Since 2020, LABI College has been authorized by the U.S. Department of Education to offer Federal Financial Aid (Title IV).

Since 2018, LABI College has approval to operate by the State of California, Bureau of Private Postsecondary Education (BPPE).

The institute was granted an exception to Title IX in 2016 which allows it to legally discriminate against LGBT students for religious reasons. It is ranked among the "Absolute Worst Campuses for LGBTQ Youth" by Campus Pride.

Since 2015, LABI has been fully endorsed by the Alliance of Higher Education. The Alliance is a consortium of accredited bible colleges and universities that are affiliated with the Assemblies of God.

== Organization and Administration ==
Alice E. Luce, LABI College's founder, established the institution. Subsequently, Simon Franco assumed the presidency, becoming the college's first Hispanic president. The administration of LABI College was a collaborative effort involving Alice Luce and H.C. Ball. This is supported by references in two books: Gaston Espinosa's "Latino Pentecostals in America" and Arlene Sanchez Walsh's "Latino Pentecostal Identity." These publications emphasize H.C. Ball's pivotal role in the early development of the Assemblies of God Latino movement and bible schools.
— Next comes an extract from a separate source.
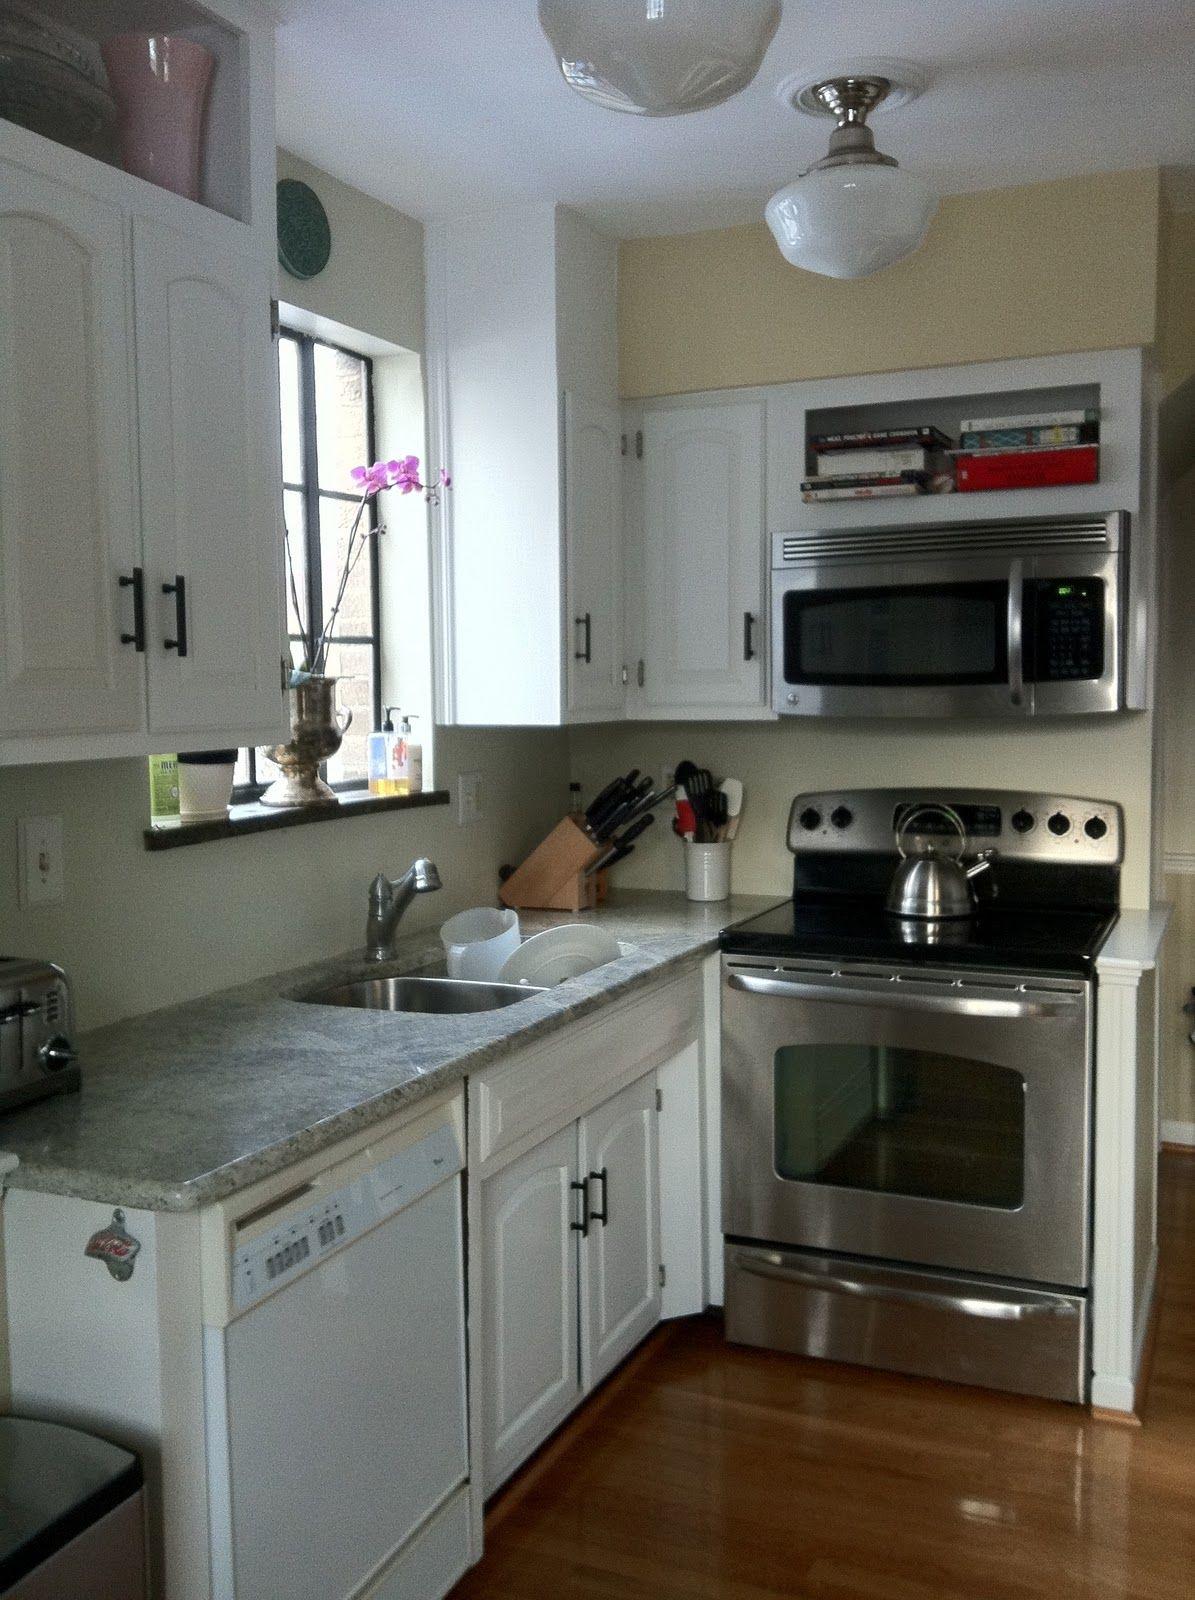 Small kitchen design ideas kitchen design kitchens and storage ideas
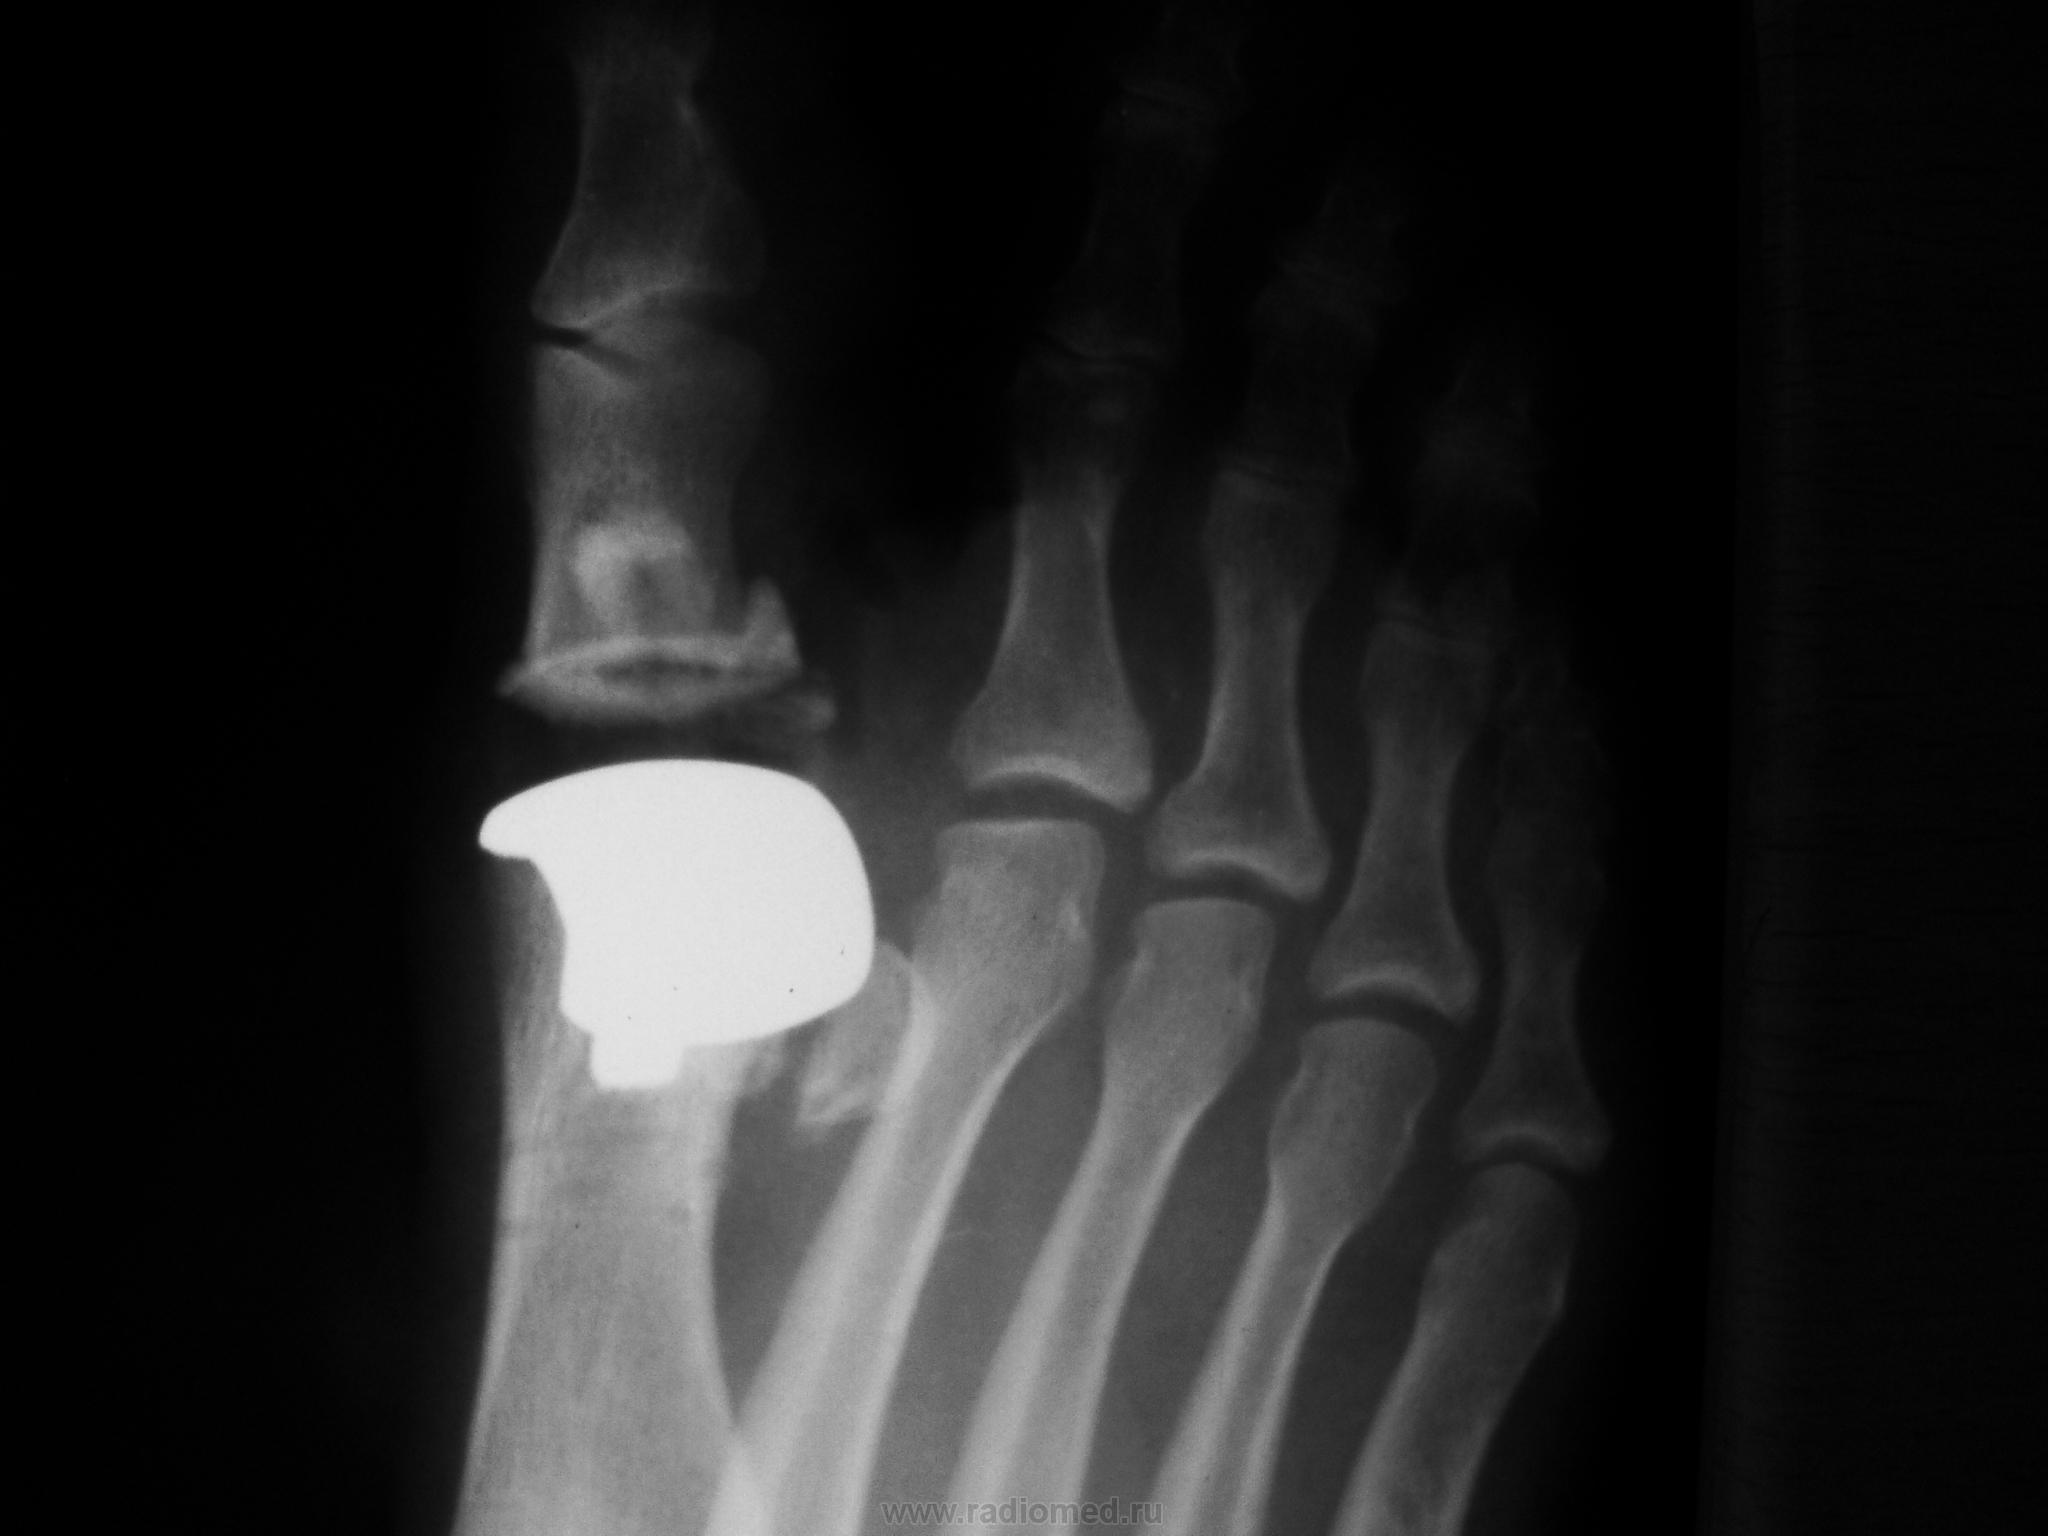 Плюстне-фалангового сустава перелом лучезапястного сустава надо ли делать операцию

Presidents of LABI College:

Dr. Marty Harris (2014-current)

Dr. John Perea (interim)

Dr. Tommy Casarez (2010-2014)

Dr. Sergio Navarrete  (interim)

Dr. Victor M. Mendez (2006-2009)

Dr. Isaac Canales (2000-2006)

Dr. Simon Melendres (1988-2000)

Dr. David Guajardo (1982-1987)

Dr. Victor De Leon (1980-1982)

Dr. Jesse Miranda (1979-1980)

Dr. Joel Torres (1967-1978)

Dr. Theodore Bueno (1952-1967)

Rev. Simon Franco (1939-1951)

== Centers ==
Dr. Grace Women’s Leadership Institute

Dr. Isaac Canales Preaching Center

Hispanic Institute of Pentecostal Studies

== Campus ==
LABI College is located in La Puente California, located in Los Angeles County.